Brownacre (1992) oil on board

frame: 1000 x 1260 x 35 mm signed bottom left

Optimistic and celebratory, filled with light, delivered with an elevated lookout point and horizon line, “Toss Woollaston’s great modernist landscapes” with their considerable painterly gesture, fluency of brushstroke and noticeably warm palette changed “the way New Zealanders saw art, their country and themselves.” 1

His palette “with its earth colours applied with more turps and less oil than usual, giving… his characteristic flat finish” 2 was how Woollaston ‘harvested’ and expressed “the rich emotions that have come to me from the landscape.” 3 The “colours I see as assimilating it to the imagination… coalesce invisibly in my sensations… “ 4 Woollaston believed artists should concentrate on the spiritual dimension.

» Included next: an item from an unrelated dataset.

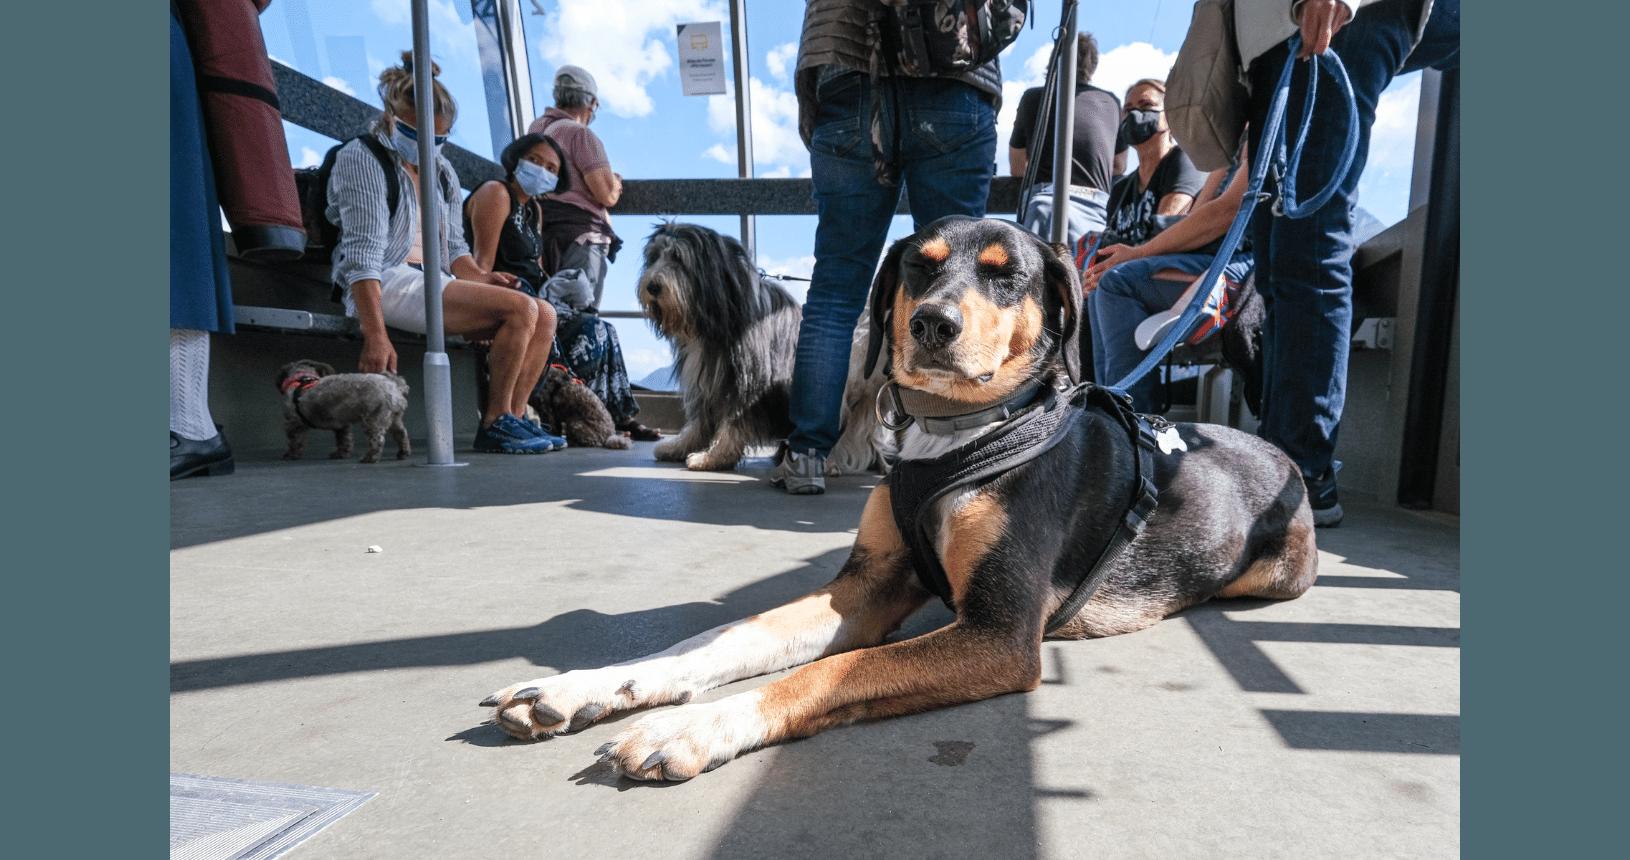 Hundereise Disentis Gondelfahrt mit dem Hund

Woollaston – like McCahon – is acknowledged as a defining figure of New Zealand art and a pioneer of modernism. Brownacre (1992) is a major work: it is an outstandingly tangible and sensuous painting, evidencing liberated rhythms as well as being a painted floating world.

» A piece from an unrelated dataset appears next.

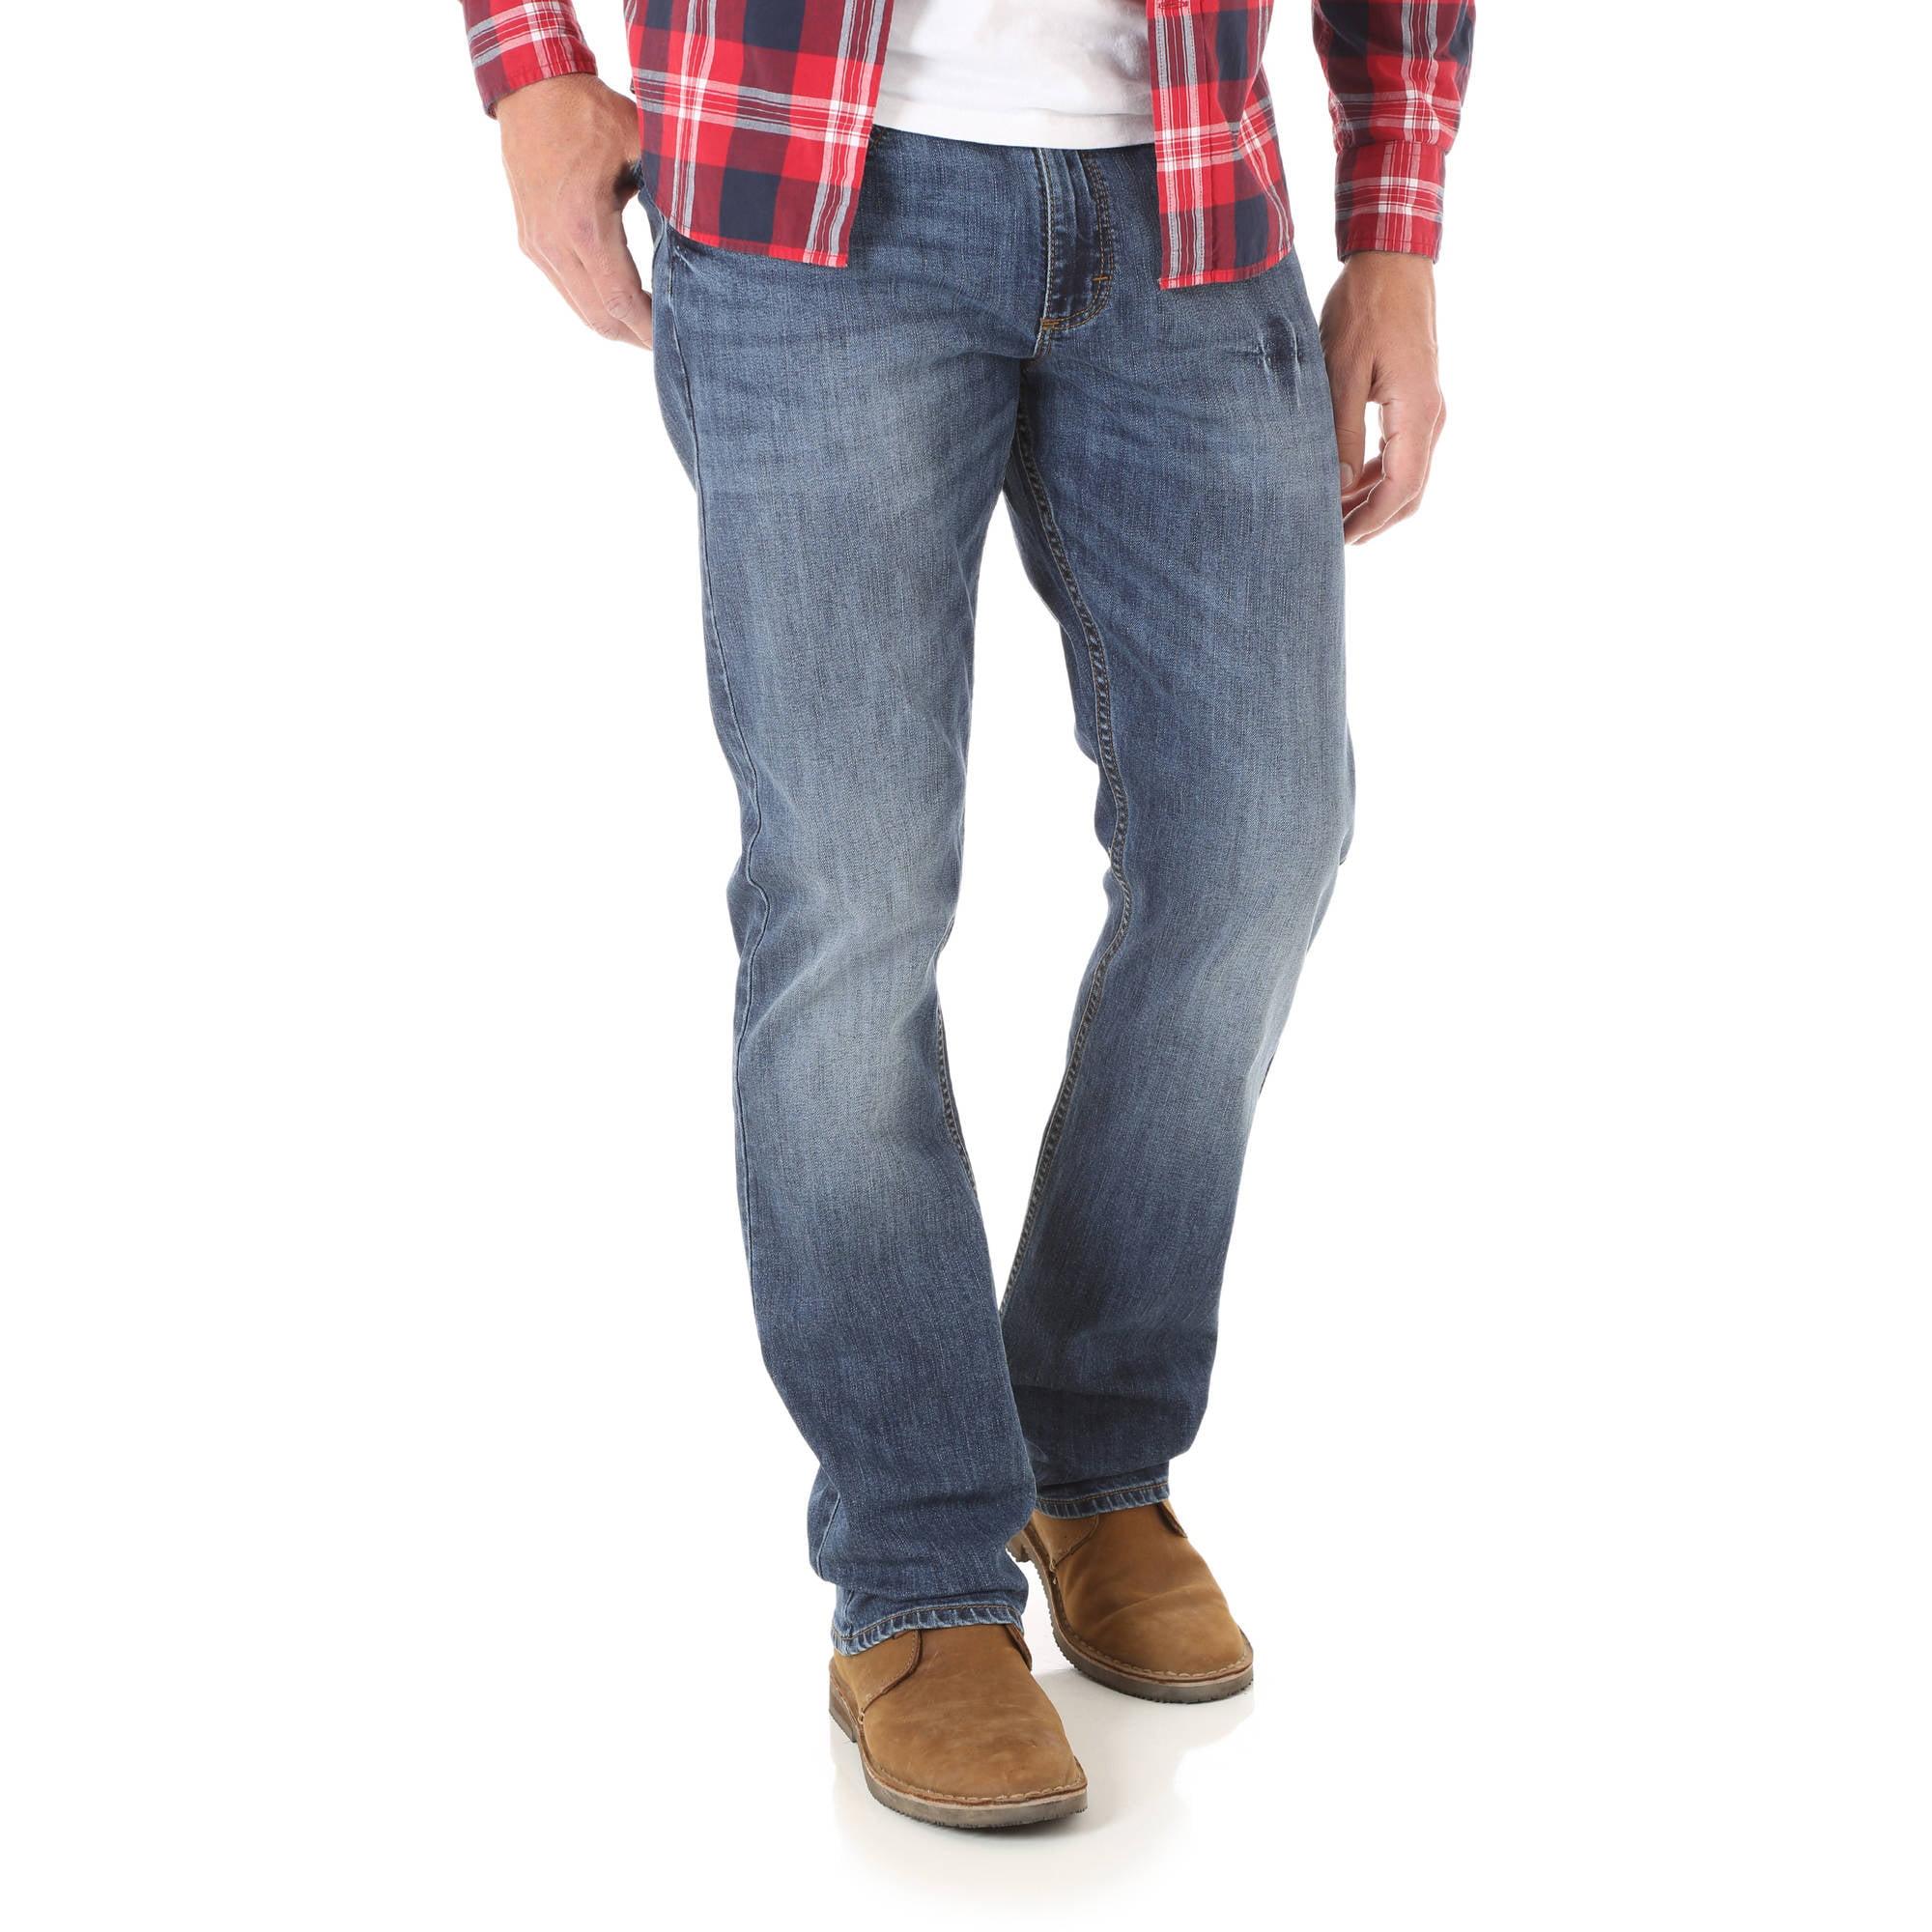 comfort stretch shorts clothing jeans super comforter destruct denim vickie frayed liverpool waist company in lyst ridgecrest vintage

Brownacre (official name Mt Campbell, 1330 m high) is located at the northern end of the Mt Arthur Range, Tasman. “It is a prominent element in the mountain backdrop to Motueka and Riwaka. When Toss came to Riwaka to pick apples as an 18year old in 1928 it was colloquially known as Brownacre, from the prominent patch of brownish tussock visible above the bushline. He always used this name, and when he returned to Riwaka to live in the late 1960s it became one of his favourite landscape subjects.” 5

1 Jill Trevelyan (ed), Toss Woollaston: A Life in Letters, Te Papa Press, 2004.

2 John Summers, quoted in Francis Pound, The Invention of New Zealand: Art and National Identity, 1930-1970, Auckland University Press, 2009 p. 120.

3 Toss Woollaston, The Far Away Hills: A Meditation on New Zealand Landscape, November 1960, Auckland Art Gallery Associates, 1962, p. 4.

4 Ibid p. 44.

5 Philip Woollaston, email correspondence with Stephen Higginson, 10 July 2023.